▸ What this task involves:
Among the lines of the listing below, retype exactly those from the one containing "7 conseils pour" through the one containing "40 couleurs 6", both included. Do not include pictures.

▸ Records for this task:
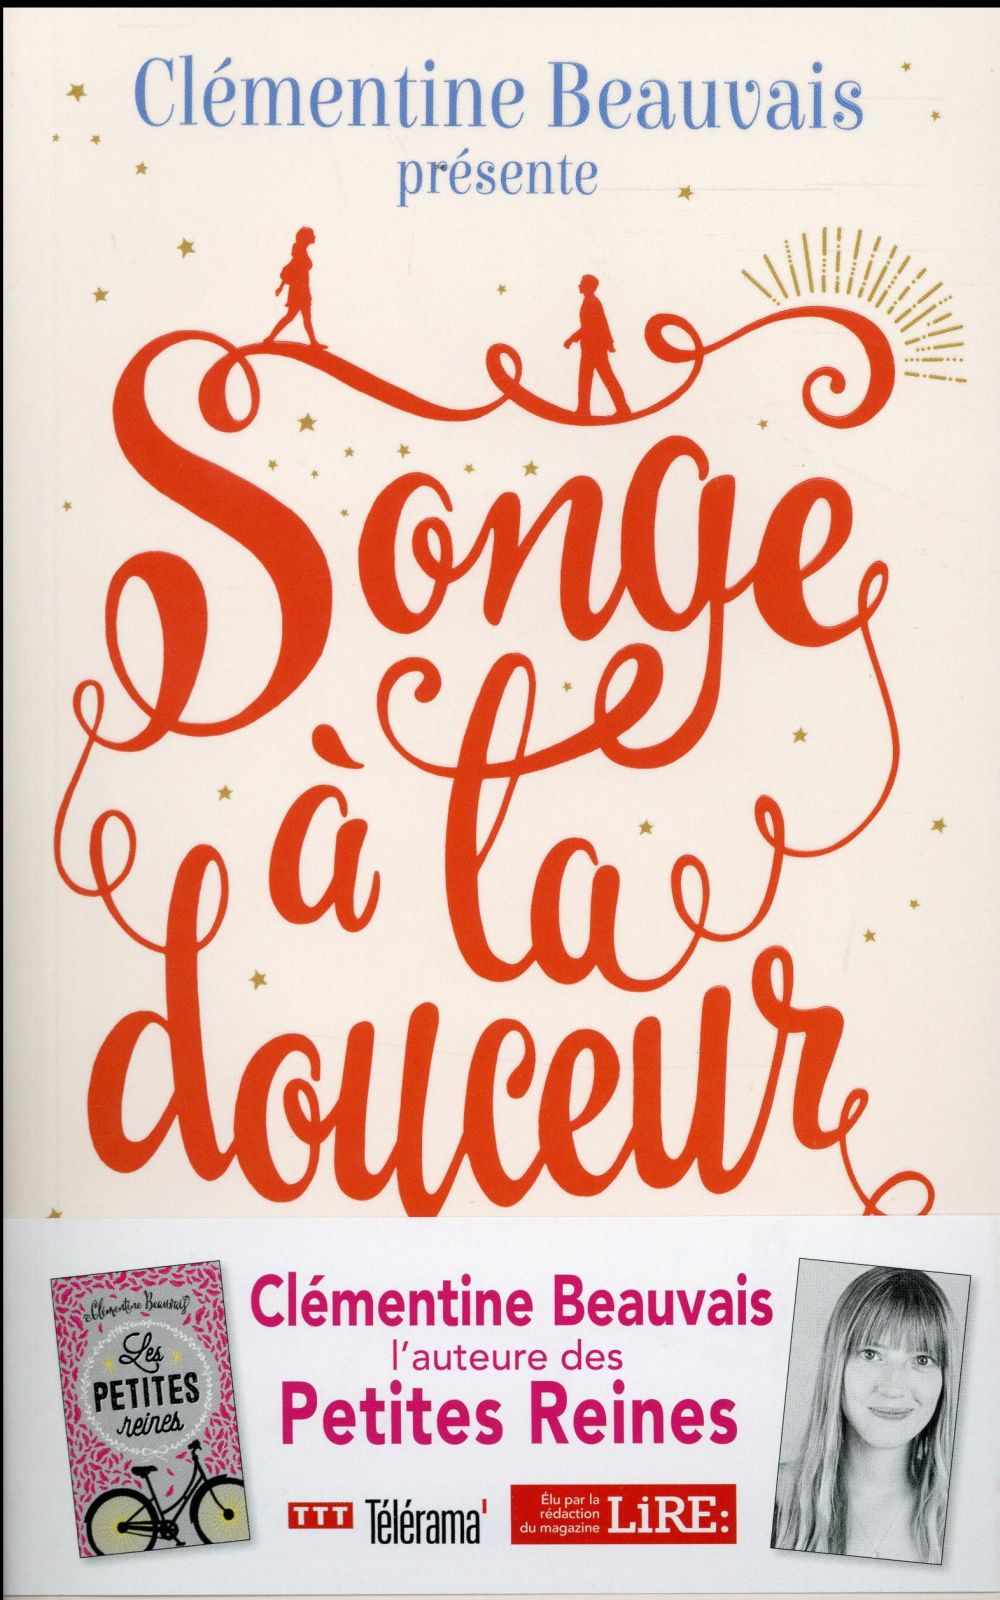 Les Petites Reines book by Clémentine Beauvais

==

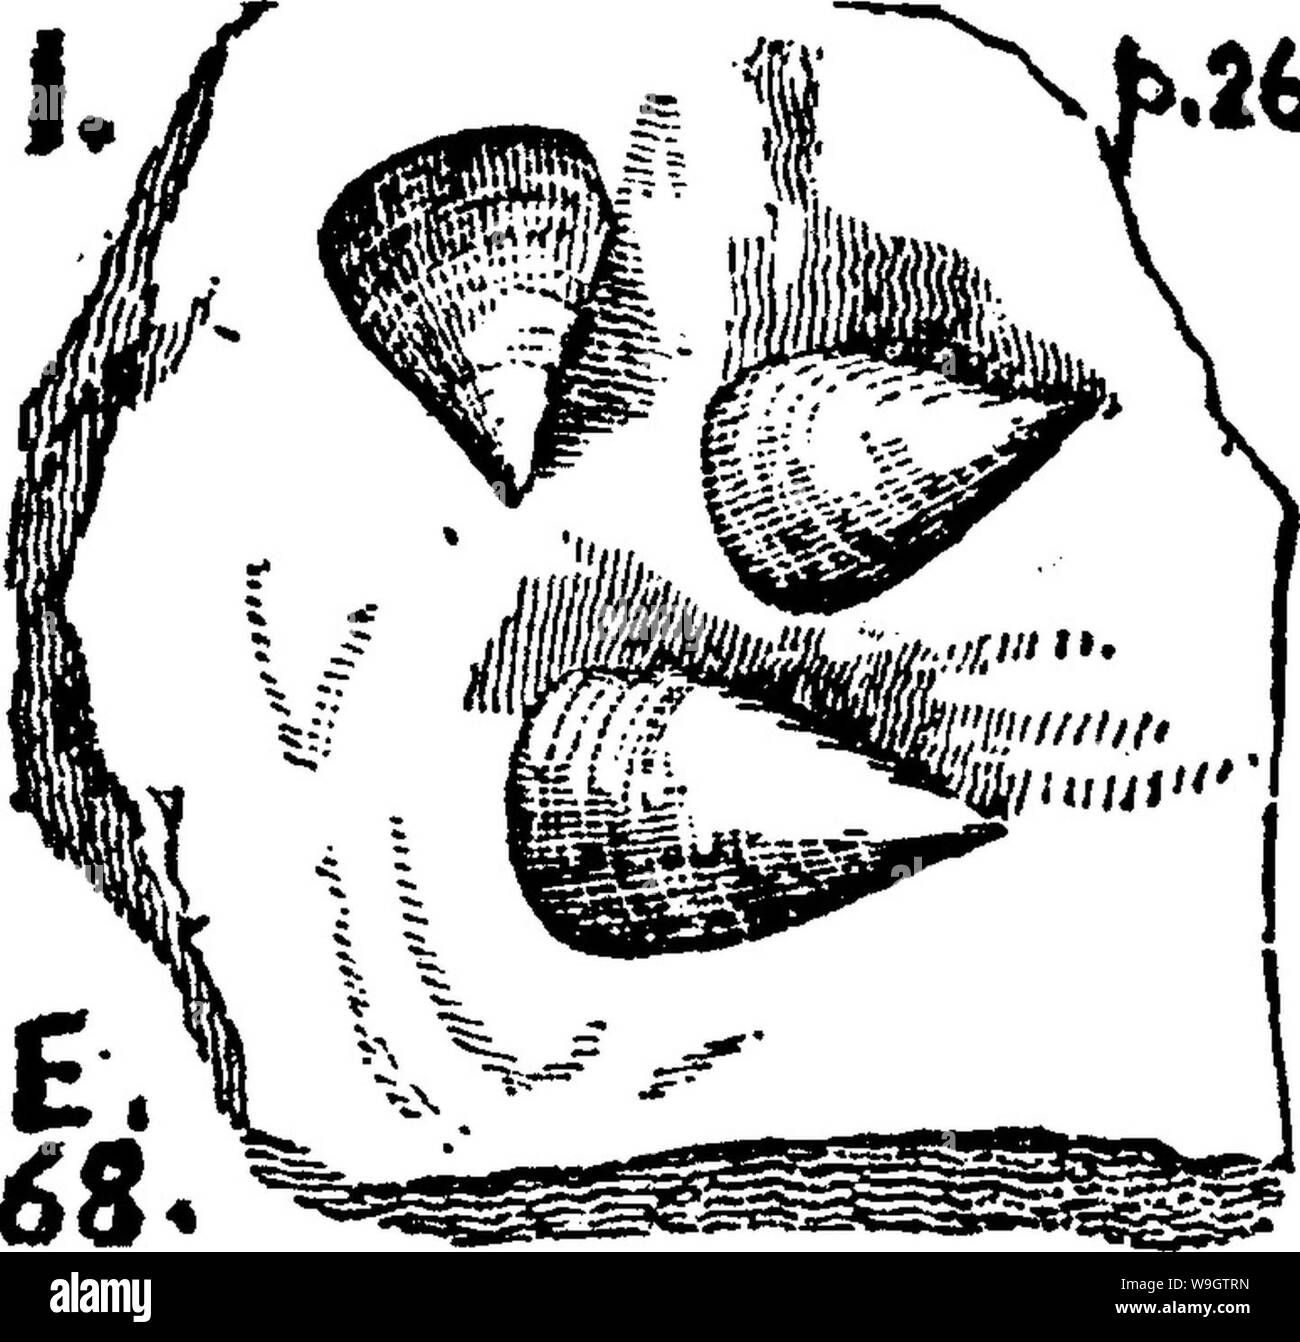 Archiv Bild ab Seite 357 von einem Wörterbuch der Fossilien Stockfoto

---

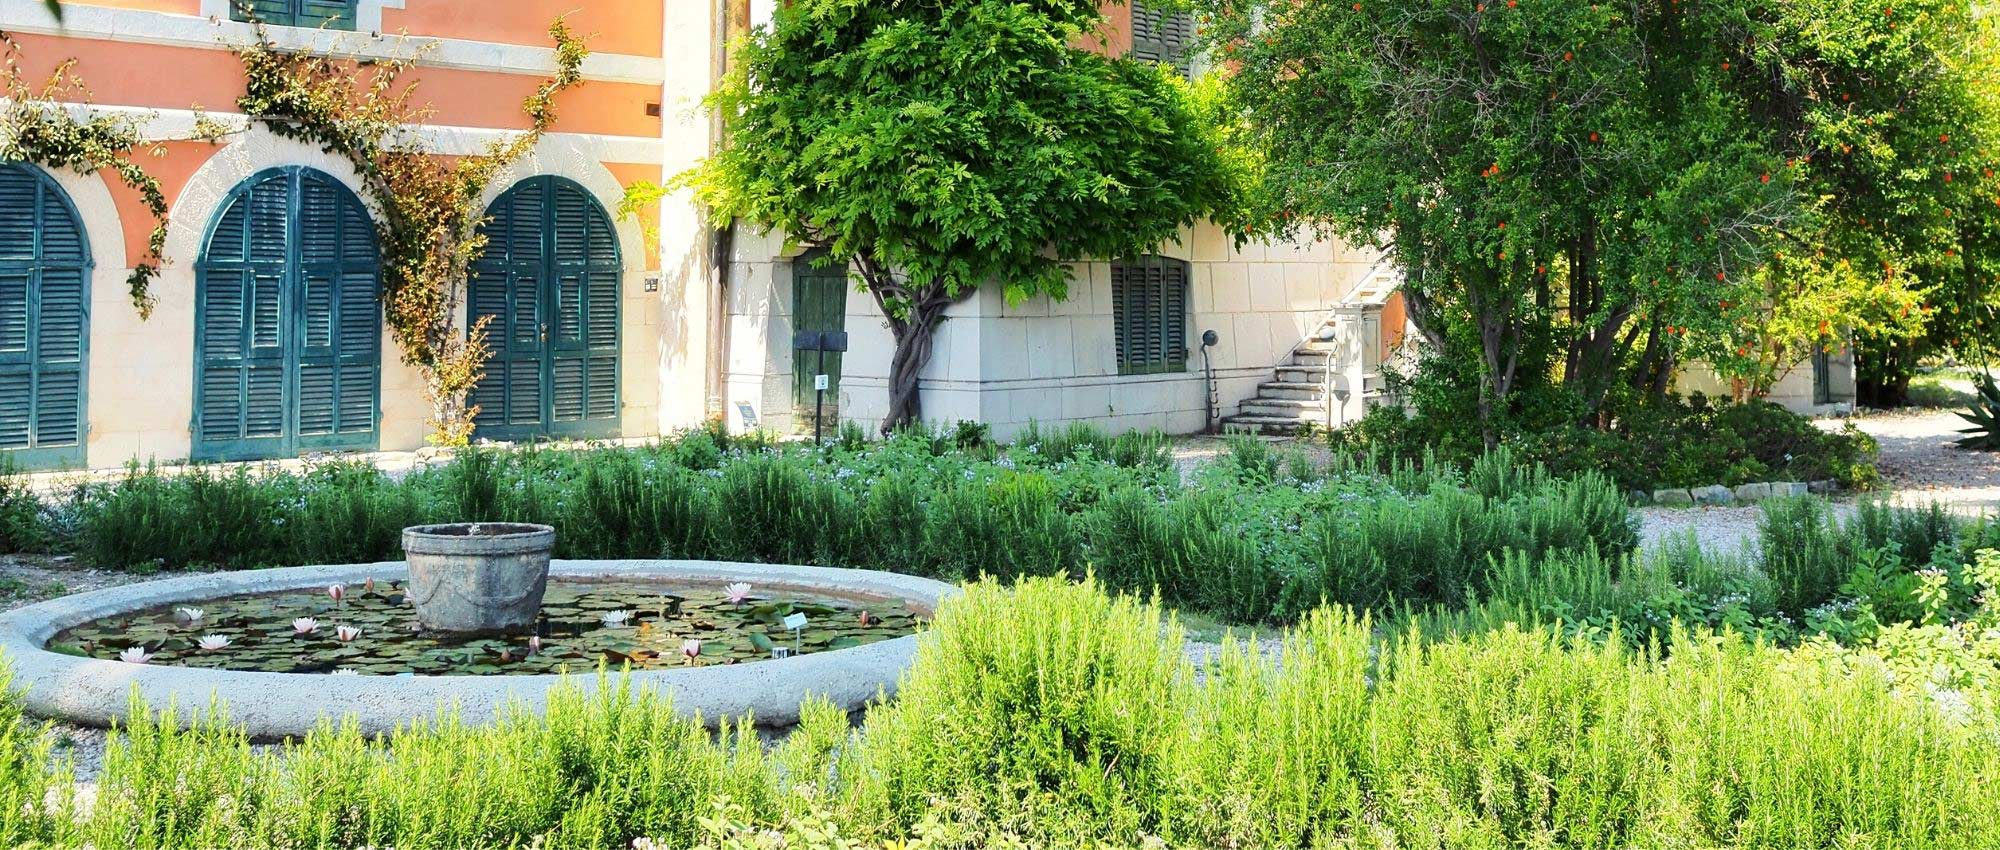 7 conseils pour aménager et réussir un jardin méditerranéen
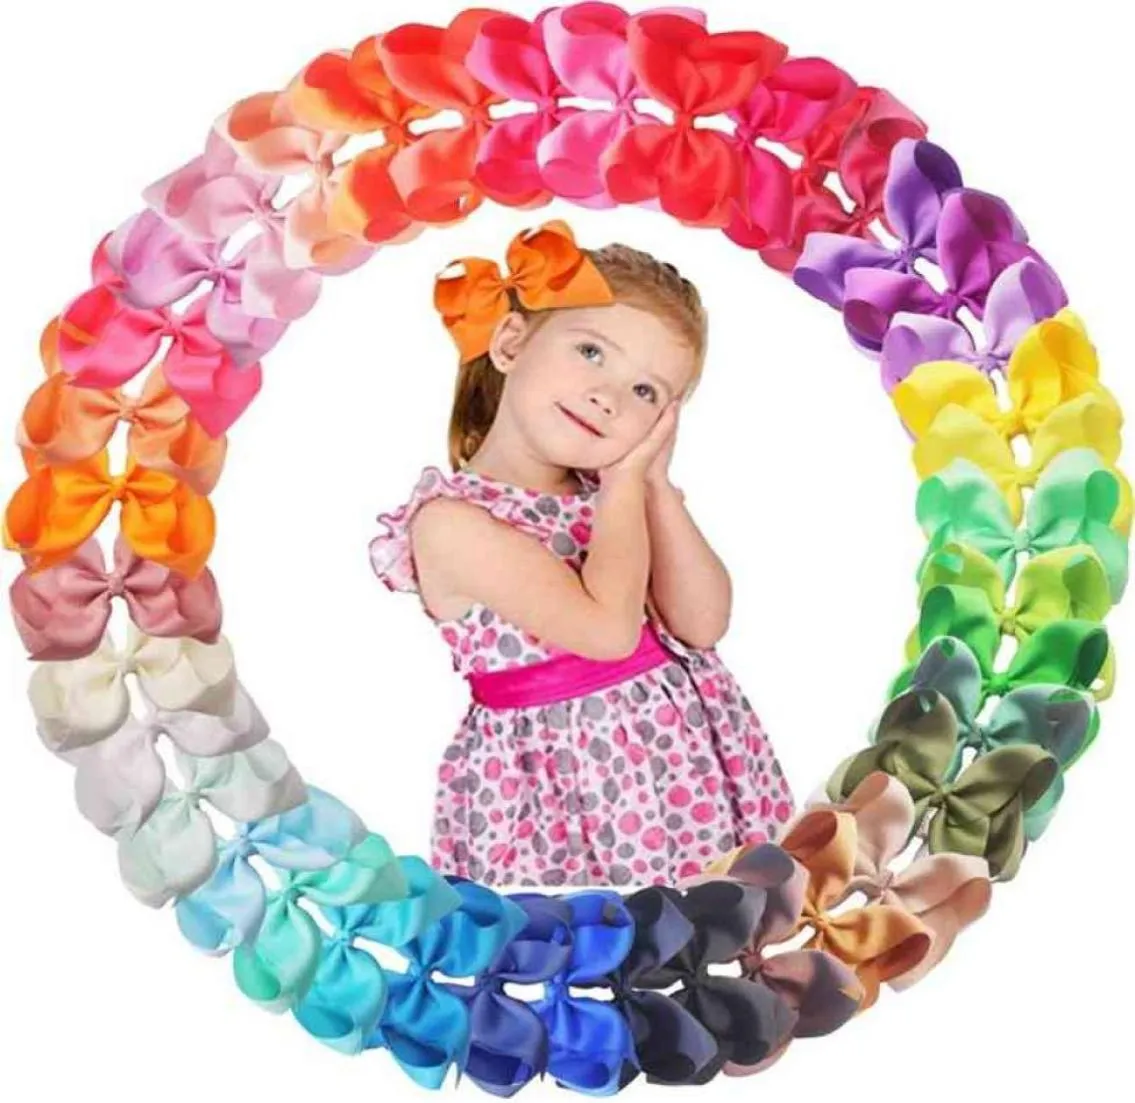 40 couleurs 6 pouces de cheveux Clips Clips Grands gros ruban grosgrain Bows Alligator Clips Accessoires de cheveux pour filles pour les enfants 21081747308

▸ Answer area:
 7 conseils pour aménager et réussir un jardin méditerranéen
 40 couleurs 6 pouces de cheveux Clips Clips Grands gros ruban grosgrain Bows Alligator Clips Accessoires de cheveux pour filles pour les enfants 21081747308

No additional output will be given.